Hacia el este se abría una vista de irregularidades boscosas, verdes y pardas. A izquierda y derecha picos nevados flotaban en el cielo. Una carretera serpenteante, apenas una huella, terminaba en la aldea. El tráfico era escaso. Varias veces por año, los hombres emprendían un viaje de días hasta el mercado de una pequeña ciudad y regresaban.
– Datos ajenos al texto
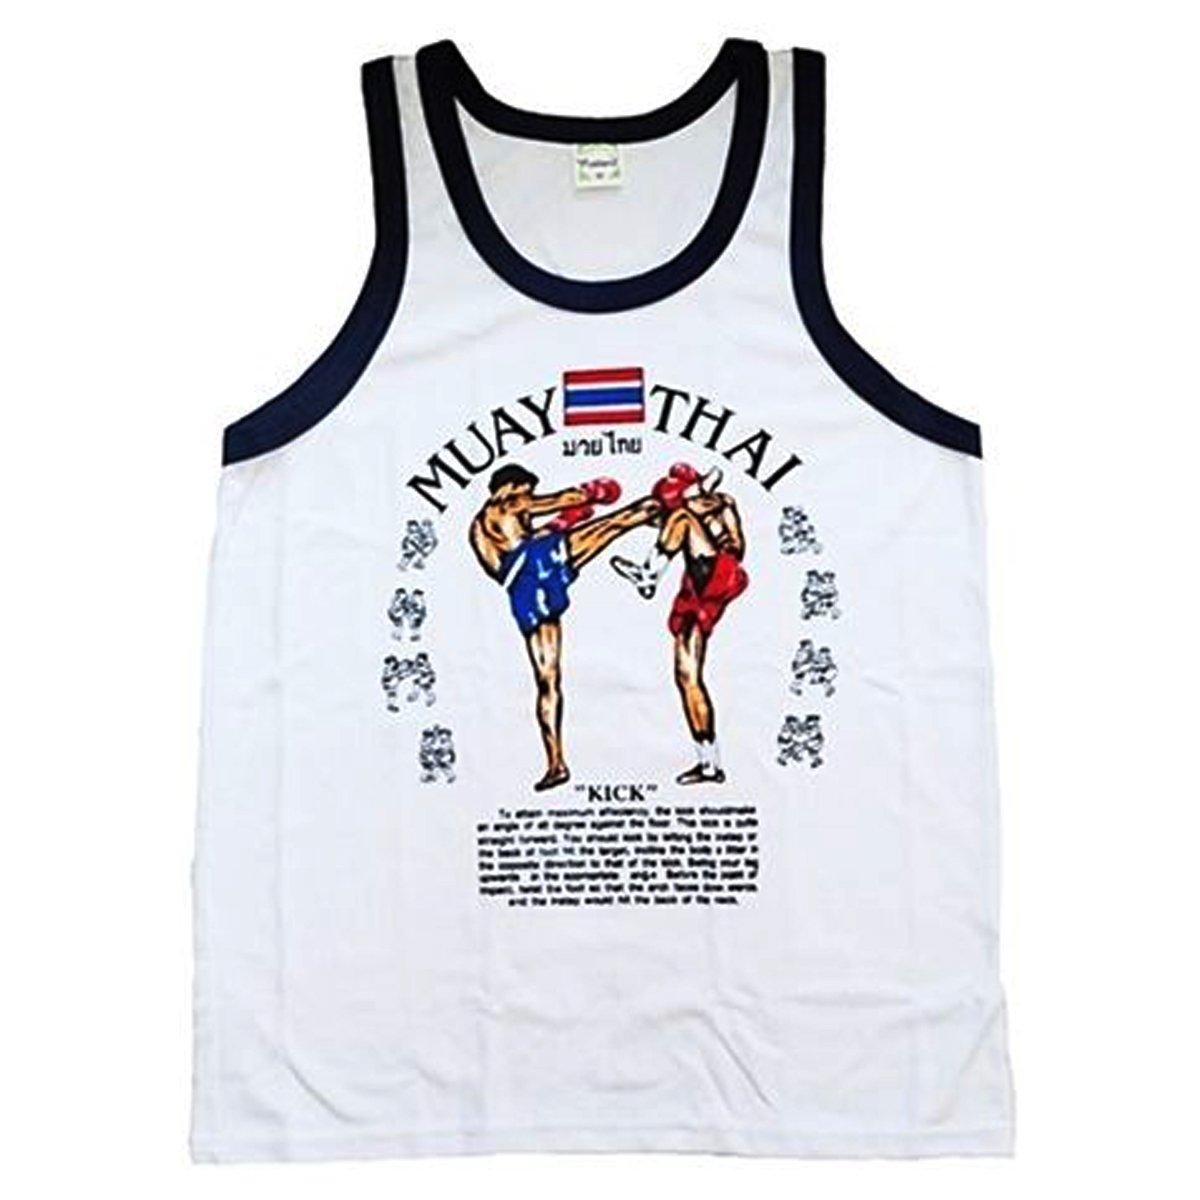 AuthenticAsia Mens Tank Top Singlet Vest Gym Muay Thai Men T-Shirt Cotton 100/% Made in Thailand
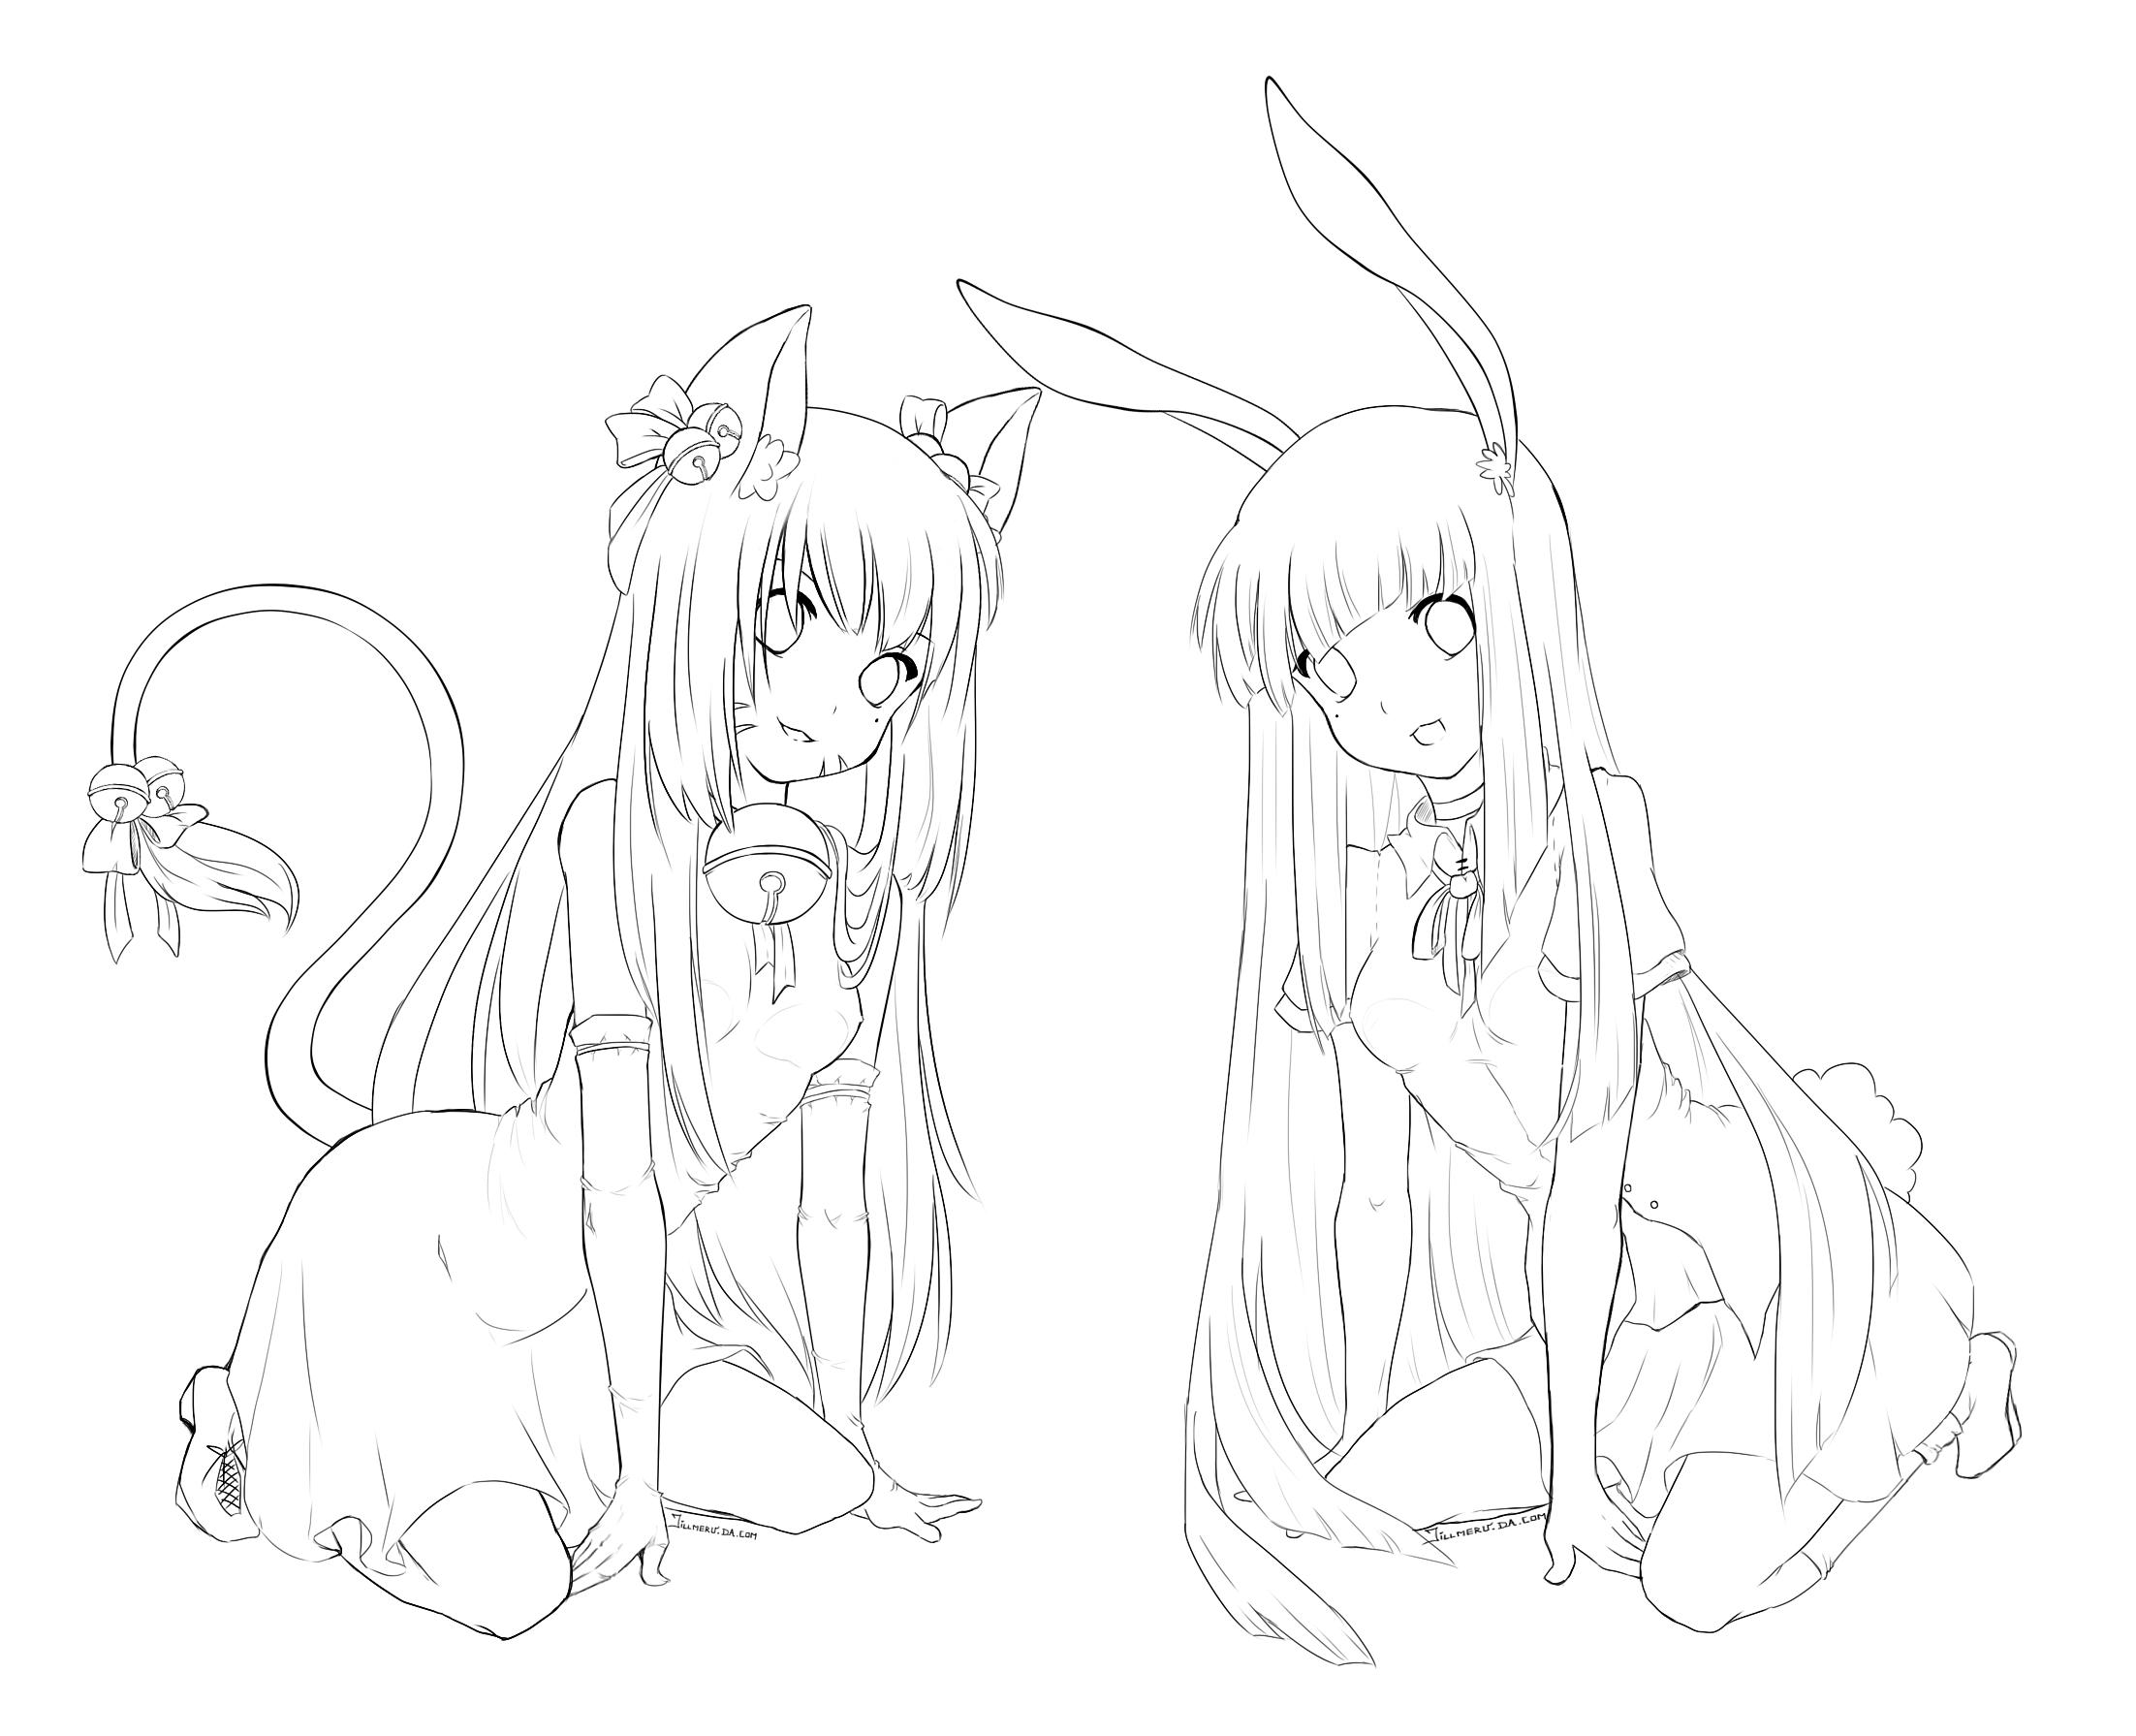 Cat and Bunny Free Lineart by Jillmeru.deviantart.com on ...

Allí pagaban los impuestos en especie. El gobernador rara vez les enviaba un agente. Cuando lo hacía, el inspector se quedaba una sola noche, preguntaba a los ancianos cómo andaban las cosas, recibía respuestas rituales y se marchaba deprisa. El lugar tenía una reputación inquietante.

Eso era para los forasteros convencionales. Para otros era sagrado. Dado este aura de extrañeza, y el aislamiento, la guerra y los bandidos no habían tocado la aldea. Seguía sus propias costumbres, soportando sólo las penas y calamidades comunes de la vida. En ocasiones, un peregrino superaba los obstáculos —distancia, penurias, peligro— para visitarla. En el curso de las generaciones, algunos de ellos se habían quedado. La aldea los acogía en su paz. Así eran las cosas. Así habían sido siempre. Sólo el mito y el Maestro conocían los comienzos.

Hubo gran alboroto, pues, cuando un pastorcillo fue corriendo a avisar que se acercaba un viajero.

—Deberías avergonzarte de haber descuidado tu buey —le reprochó el abuelo, pero con dulzura. El niño explicó que primero había amarrado la bestia; y, a fin de cuentas, ningún tigre se había acercado. El abuelo lo perdonó. Entretanto la gente corría y gritaba. Pronto un discípulo hizo sonar el gong del altar. Una voz metálica vibró, reverberó en Tas laderas, se mezcló con el susurro de la cascada y el murmullo del viento.

El otoño llega temprano a las colinas altas. Los bosques estaban moteados de marrón y amarillo, la hierba se estaba secando, las hojas caídas crujían cerca de los charcos dejados por la lluvia de la noche anterior. Arriba se arqueaba un cielo inexpresablemente azul, surcado por pájaros. Los gritos de las aves flotaban en el aire de la ladera. El humo de los hogares era más denso.

Cuando el anunciado viajero recorrió el último tramo del camino, los aldeanos reunidos vieron con asombro que era una mujer. La raída bata de tosco algodón estaba desteñida y gris. Las botas estaban igualmente ajadas, y el uso había gastado el cayado que le colgaba de la mano derecha. Del hombro izquierdo le colgaba una manta enrollada, igualmente andrajosa, que sostenía un cuenco de madera y un par de enseres más.

Pero no era una anciana. El cuerpo era recto y delgado, el andar firme y ágil. La bufanda ondeante dejaba al descubierto un pelo semejante al ala de un cuervo, cortado a la altura de las orejas; y el rostro curtido y enjuto no tenía arrugas. Nunca había aparecido semejante rostro en esa región. Ni siquiera parecía de la misma raza que los habitantes de las tierras bajas del país.